PROBLEM TO WORK ON | Please write out the whole listing that follows exactly; the pictures stay out.

DATA EXTRACT |

-*-

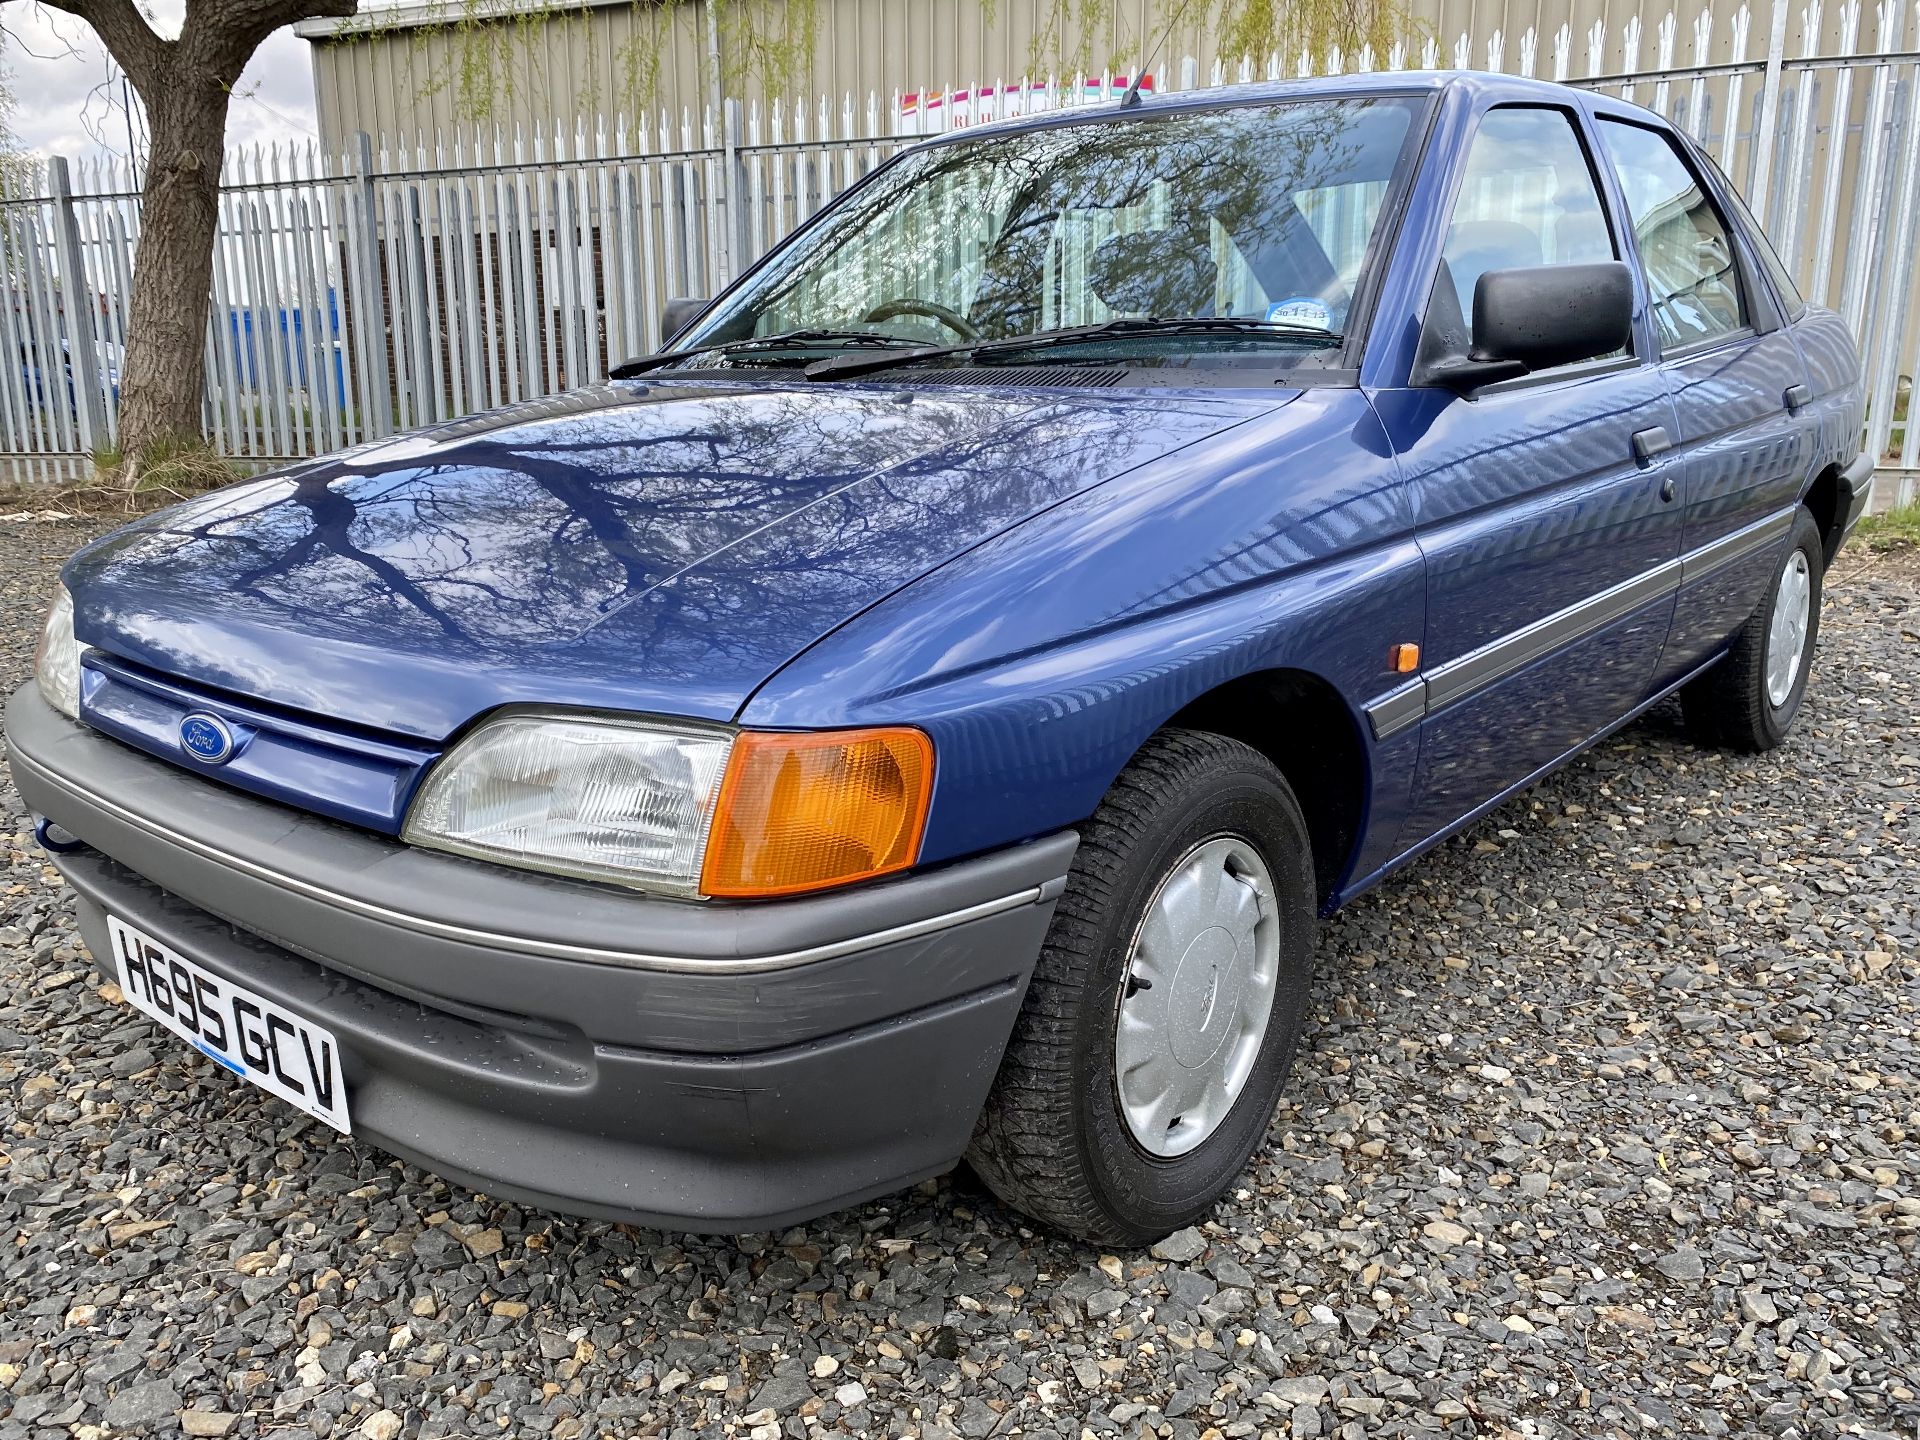 Ford Escort LX  - Image 31 of 54
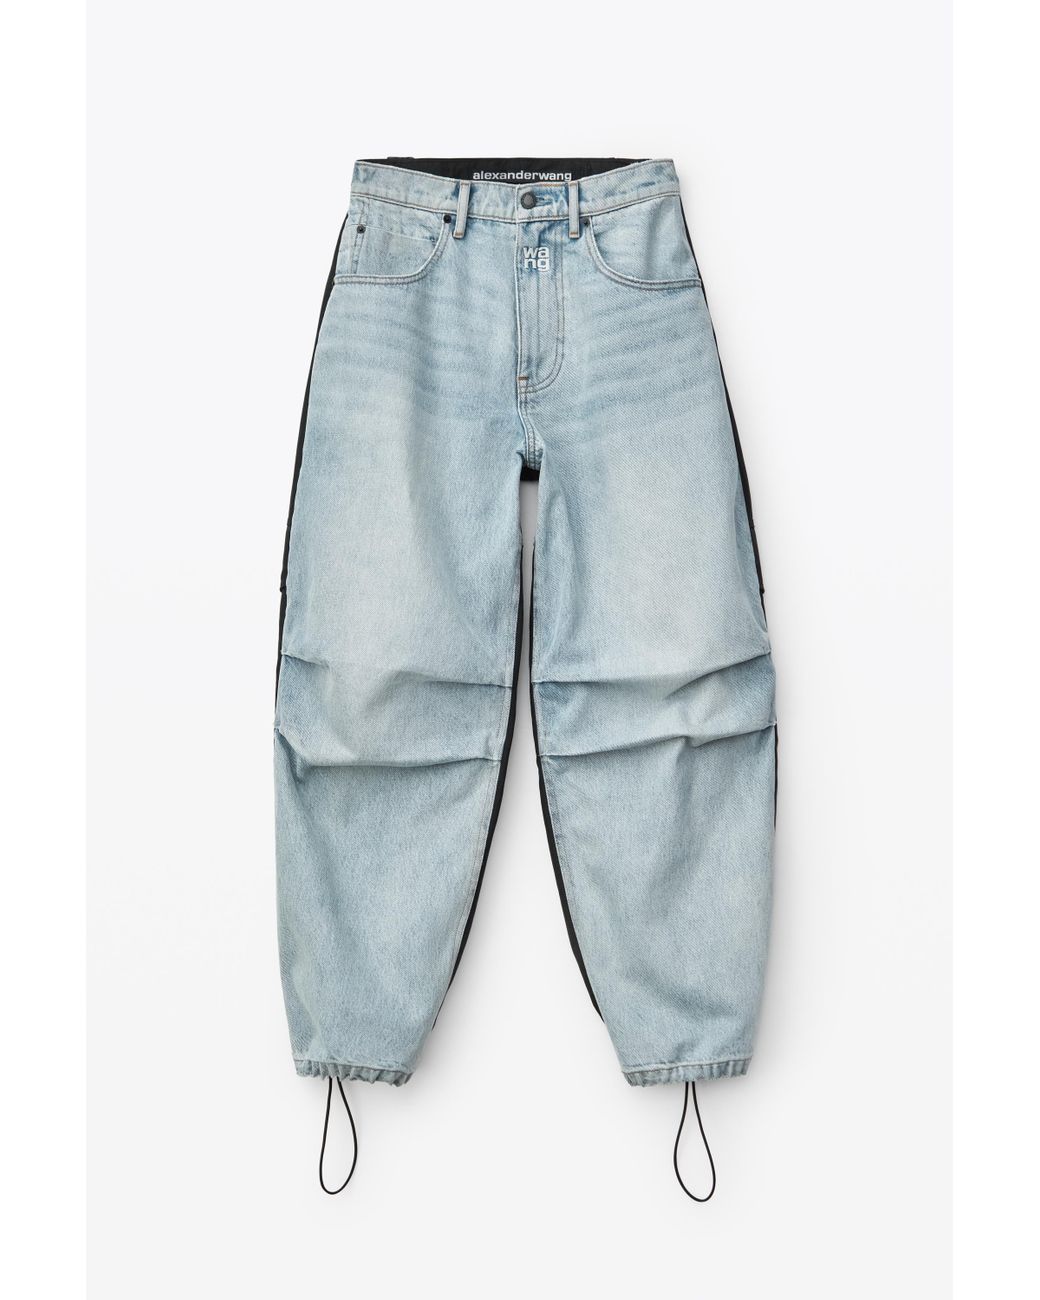 Alexander Wang Wave Cuff Wide Jeans | Woman Jeans Blue 27 | MILANSTYLE.COM
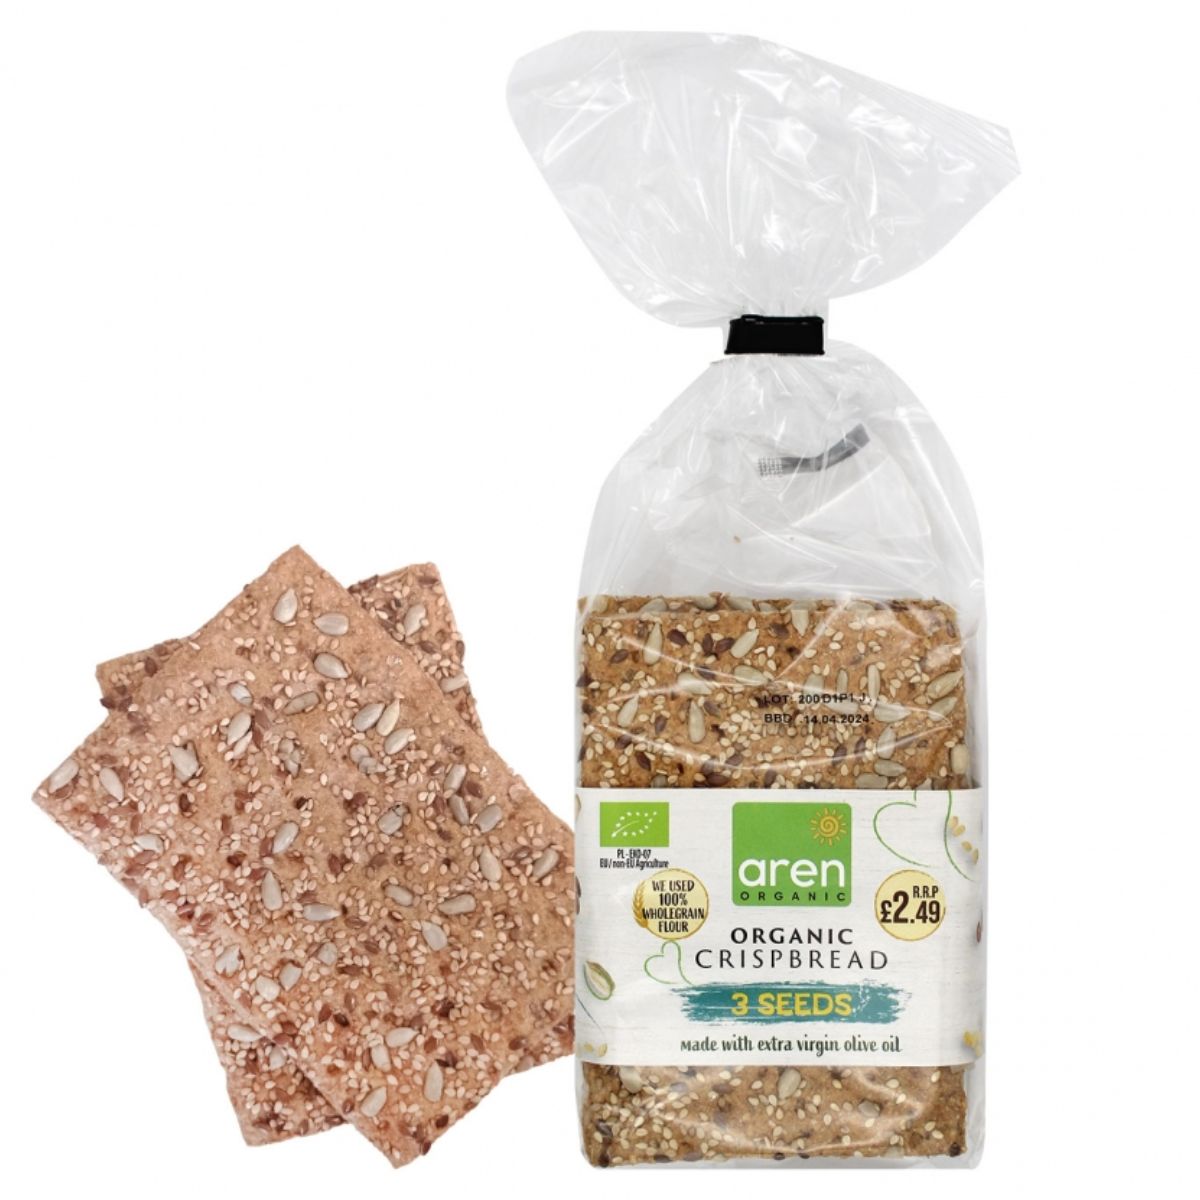 A bag of Lara - Natural Crispbread Protein & 3 Seeds - 200g next to a bag of oats.
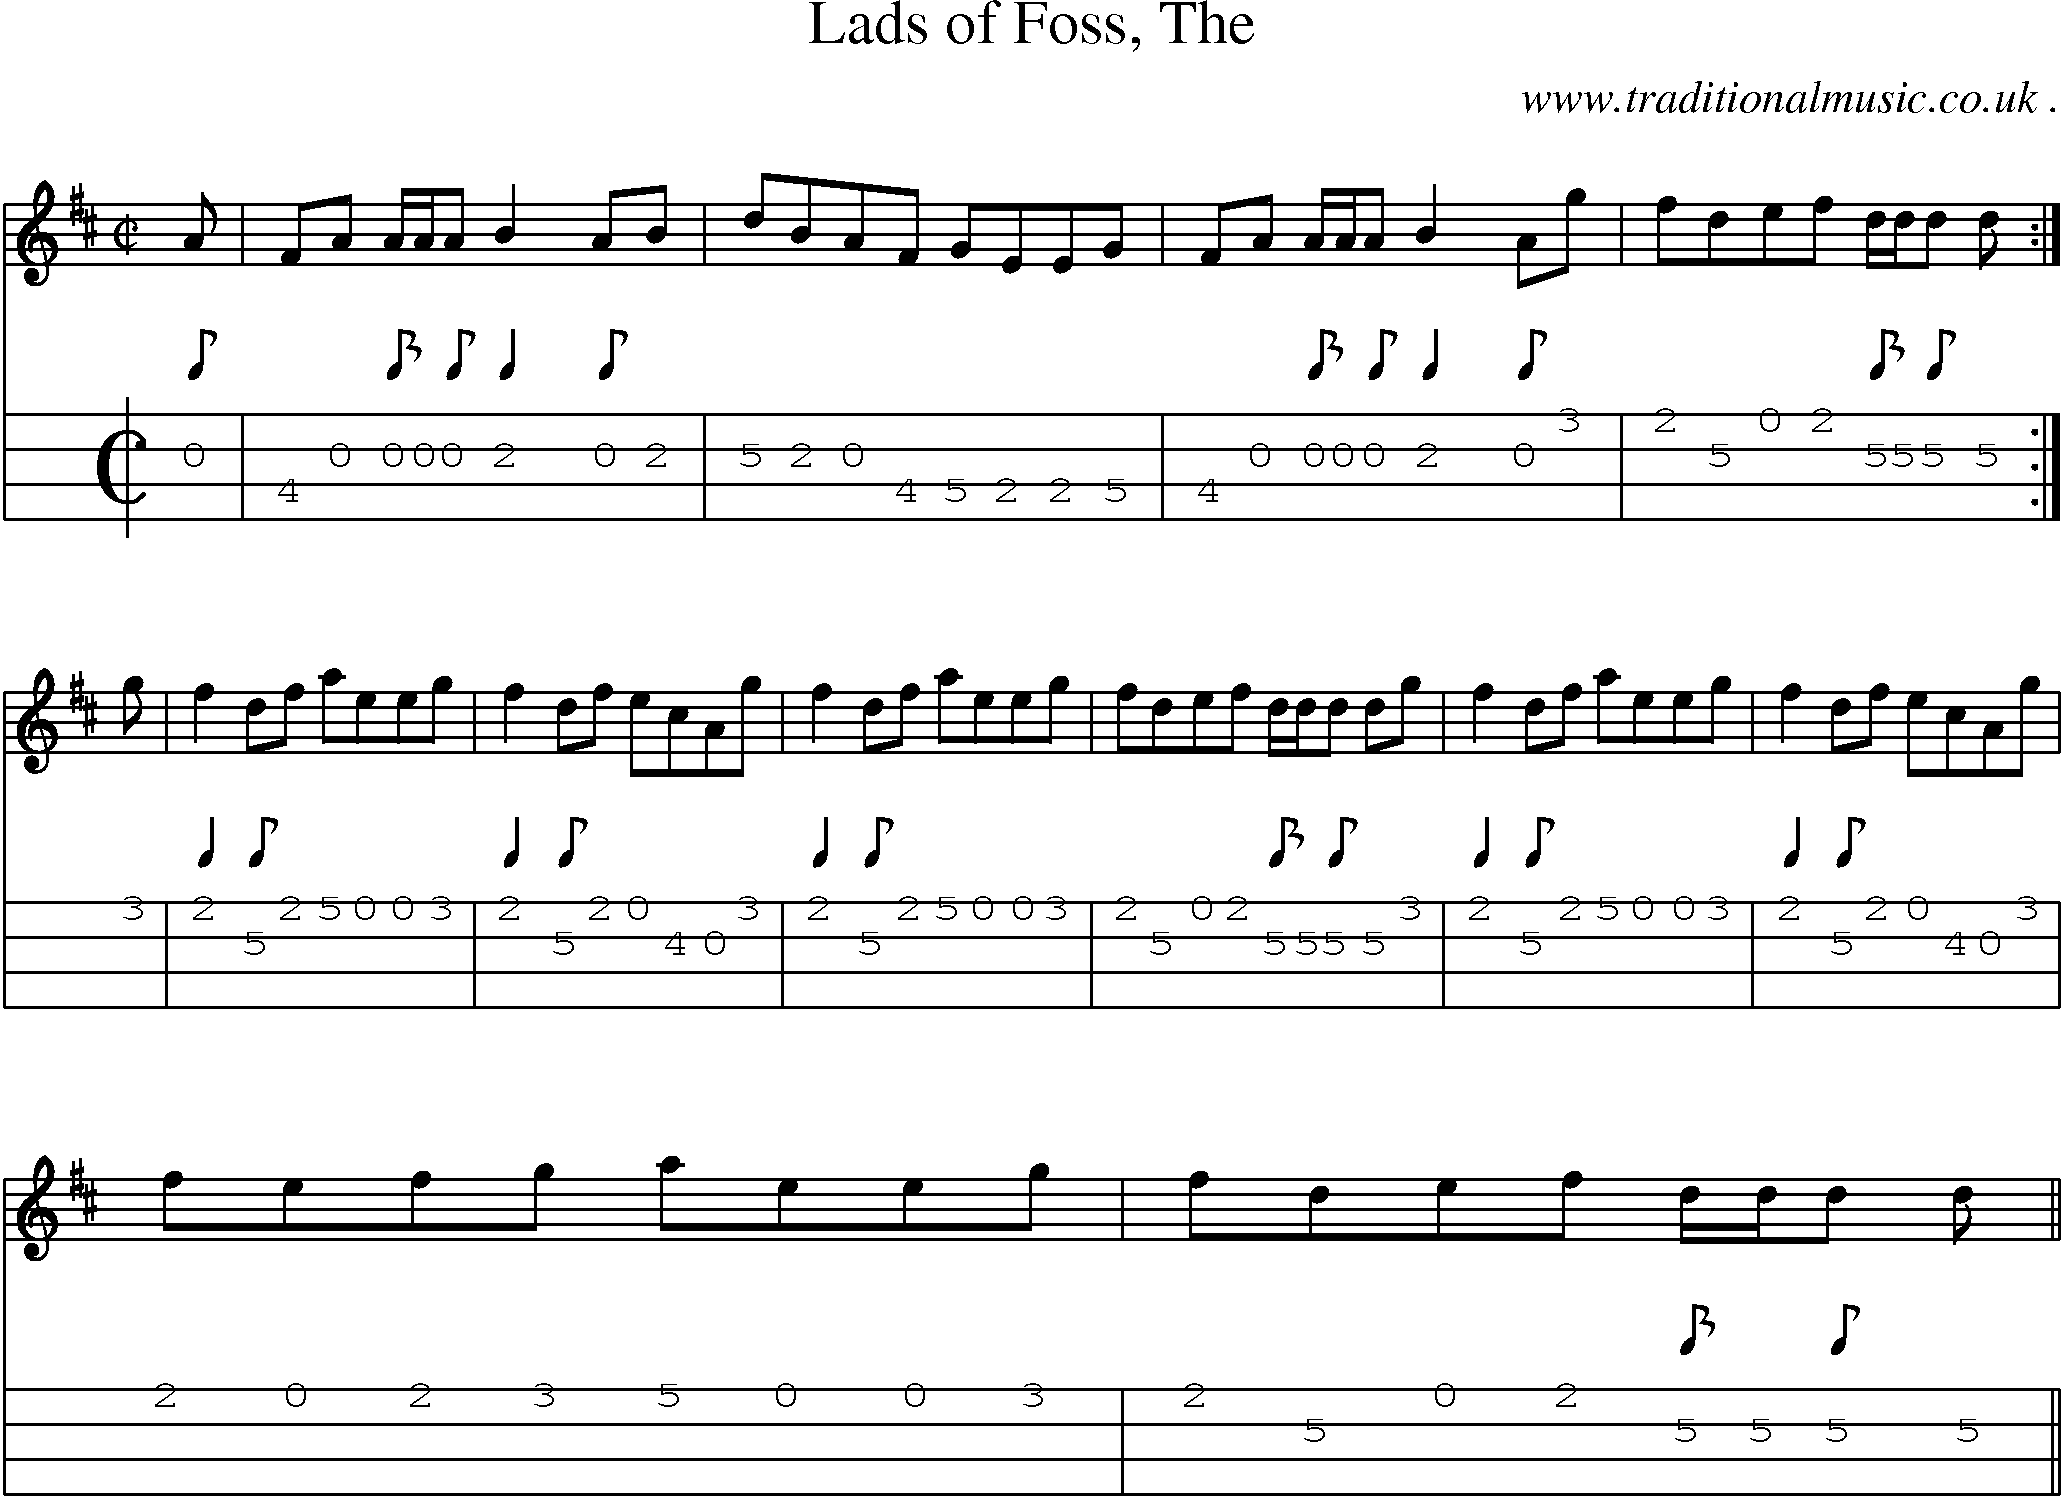 Sheet-music  score, Chords and Mandolin Tabs for Lads Of Foss The

-*-

THE ANSWER |
 Ford Escort LX  - Image 31 of 54
 Alexander Wang Wave Cuff Wide Jeans | Woman Jeans Blue 27 | MILANSTYLE.COM
 A bag of Lara - Natural Crispbread Protein & 3 Seeds - 200g next to a bag of oats.
 Sheet-music  score, Chords and Mandolin Tabs for Lads Of Foss The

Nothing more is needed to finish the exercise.